Output only the lines below that start at the line containing "Praga immersa nei suoi colori..." and end at the line containing "Mapa Berlina z", with both ends kept.
┏━━
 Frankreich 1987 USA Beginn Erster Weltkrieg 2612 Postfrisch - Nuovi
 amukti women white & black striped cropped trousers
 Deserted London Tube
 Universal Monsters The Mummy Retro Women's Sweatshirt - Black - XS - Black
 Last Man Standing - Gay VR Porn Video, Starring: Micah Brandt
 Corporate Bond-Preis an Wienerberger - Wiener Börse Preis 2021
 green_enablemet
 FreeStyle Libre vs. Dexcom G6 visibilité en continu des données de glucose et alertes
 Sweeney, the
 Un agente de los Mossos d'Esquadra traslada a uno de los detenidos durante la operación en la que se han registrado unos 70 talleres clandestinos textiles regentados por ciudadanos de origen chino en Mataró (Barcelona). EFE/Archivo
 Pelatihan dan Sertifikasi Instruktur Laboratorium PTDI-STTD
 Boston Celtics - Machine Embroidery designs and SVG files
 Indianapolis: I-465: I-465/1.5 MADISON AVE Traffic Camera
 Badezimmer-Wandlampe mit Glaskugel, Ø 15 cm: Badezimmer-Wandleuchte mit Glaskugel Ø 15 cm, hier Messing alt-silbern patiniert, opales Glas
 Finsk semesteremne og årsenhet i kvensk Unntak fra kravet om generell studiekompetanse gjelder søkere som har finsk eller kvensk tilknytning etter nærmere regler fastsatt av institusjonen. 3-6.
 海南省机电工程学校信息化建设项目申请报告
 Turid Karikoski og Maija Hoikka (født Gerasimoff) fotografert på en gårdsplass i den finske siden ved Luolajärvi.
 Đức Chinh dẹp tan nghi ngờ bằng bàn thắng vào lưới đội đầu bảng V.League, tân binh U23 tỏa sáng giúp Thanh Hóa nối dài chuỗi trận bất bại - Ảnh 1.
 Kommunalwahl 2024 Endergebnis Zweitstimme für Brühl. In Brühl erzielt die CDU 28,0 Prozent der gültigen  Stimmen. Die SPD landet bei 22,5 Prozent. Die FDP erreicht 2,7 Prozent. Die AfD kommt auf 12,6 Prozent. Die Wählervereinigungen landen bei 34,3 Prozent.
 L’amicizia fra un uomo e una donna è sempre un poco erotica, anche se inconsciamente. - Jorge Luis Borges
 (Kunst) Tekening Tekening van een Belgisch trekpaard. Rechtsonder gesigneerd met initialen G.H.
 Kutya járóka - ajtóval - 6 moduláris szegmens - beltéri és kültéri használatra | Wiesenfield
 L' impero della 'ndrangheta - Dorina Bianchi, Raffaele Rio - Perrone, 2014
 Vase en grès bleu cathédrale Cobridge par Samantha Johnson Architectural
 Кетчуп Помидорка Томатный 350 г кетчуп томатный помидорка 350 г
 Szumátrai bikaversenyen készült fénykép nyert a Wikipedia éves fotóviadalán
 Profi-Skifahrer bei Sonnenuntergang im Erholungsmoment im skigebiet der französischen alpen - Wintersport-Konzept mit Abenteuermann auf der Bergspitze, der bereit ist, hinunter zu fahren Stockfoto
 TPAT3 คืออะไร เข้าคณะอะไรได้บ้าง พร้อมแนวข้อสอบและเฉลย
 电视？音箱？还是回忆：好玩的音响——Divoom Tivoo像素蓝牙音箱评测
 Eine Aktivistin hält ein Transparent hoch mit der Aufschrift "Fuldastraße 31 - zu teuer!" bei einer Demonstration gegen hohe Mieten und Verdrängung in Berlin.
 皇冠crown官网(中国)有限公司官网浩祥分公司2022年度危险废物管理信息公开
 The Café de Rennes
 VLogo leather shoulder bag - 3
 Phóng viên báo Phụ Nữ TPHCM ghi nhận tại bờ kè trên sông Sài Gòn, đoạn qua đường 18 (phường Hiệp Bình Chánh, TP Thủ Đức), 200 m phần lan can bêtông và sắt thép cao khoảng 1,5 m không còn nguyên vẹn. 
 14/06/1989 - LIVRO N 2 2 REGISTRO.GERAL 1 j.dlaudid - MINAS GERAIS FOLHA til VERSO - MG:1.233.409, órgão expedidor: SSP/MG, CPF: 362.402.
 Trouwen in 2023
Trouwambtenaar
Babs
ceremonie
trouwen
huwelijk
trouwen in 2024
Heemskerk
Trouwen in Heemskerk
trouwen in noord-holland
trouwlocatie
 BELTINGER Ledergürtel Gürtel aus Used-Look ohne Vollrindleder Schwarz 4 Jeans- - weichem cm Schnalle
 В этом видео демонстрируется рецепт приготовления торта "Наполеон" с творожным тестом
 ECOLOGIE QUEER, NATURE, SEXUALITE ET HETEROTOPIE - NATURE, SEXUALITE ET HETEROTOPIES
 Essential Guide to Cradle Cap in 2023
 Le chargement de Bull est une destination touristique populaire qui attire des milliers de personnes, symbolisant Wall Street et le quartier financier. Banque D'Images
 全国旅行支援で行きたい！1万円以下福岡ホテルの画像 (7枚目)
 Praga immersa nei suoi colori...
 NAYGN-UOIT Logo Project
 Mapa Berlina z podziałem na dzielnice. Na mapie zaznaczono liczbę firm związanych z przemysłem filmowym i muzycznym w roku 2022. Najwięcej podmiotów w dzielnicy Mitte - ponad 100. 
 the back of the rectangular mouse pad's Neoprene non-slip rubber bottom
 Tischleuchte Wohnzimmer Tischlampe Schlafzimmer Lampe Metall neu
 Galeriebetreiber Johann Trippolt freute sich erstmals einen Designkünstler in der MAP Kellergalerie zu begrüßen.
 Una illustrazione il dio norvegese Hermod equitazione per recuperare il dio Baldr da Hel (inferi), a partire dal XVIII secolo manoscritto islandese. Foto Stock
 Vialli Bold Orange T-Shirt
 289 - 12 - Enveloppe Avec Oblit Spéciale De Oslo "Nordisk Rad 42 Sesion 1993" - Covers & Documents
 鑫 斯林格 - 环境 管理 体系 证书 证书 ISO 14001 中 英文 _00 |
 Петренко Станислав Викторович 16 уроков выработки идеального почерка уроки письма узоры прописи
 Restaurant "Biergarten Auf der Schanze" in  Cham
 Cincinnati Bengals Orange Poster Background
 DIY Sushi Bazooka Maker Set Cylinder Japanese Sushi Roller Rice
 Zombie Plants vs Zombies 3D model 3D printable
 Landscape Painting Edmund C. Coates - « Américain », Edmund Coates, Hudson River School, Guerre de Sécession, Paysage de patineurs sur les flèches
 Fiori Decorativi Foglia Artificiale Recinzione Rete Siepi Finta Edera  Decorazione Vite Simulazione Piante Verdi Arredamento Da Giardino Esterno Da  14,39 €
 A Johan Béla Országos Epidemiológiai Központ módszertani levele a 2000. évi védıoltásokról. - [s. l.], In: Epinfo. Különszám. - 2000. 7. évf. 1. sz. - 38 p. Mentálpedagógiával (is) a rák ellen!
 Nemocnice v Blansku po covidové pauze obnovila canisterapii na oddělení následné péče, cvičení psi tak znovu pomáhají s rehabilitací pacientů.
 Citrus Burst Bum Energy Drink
┗━━
Response to the task:
 Praga immersa nei suoi colori...
 NAYGN-UOIT Logo Project
 Mapa Berlina z podziałem na dzielnice. Na mapie zaznaczono liczbę firm związanych z przemysłem filmowym i muzycznym w roku 2022. Najwięcej podmiotów w dzielnicy Mitte - ponad 100. 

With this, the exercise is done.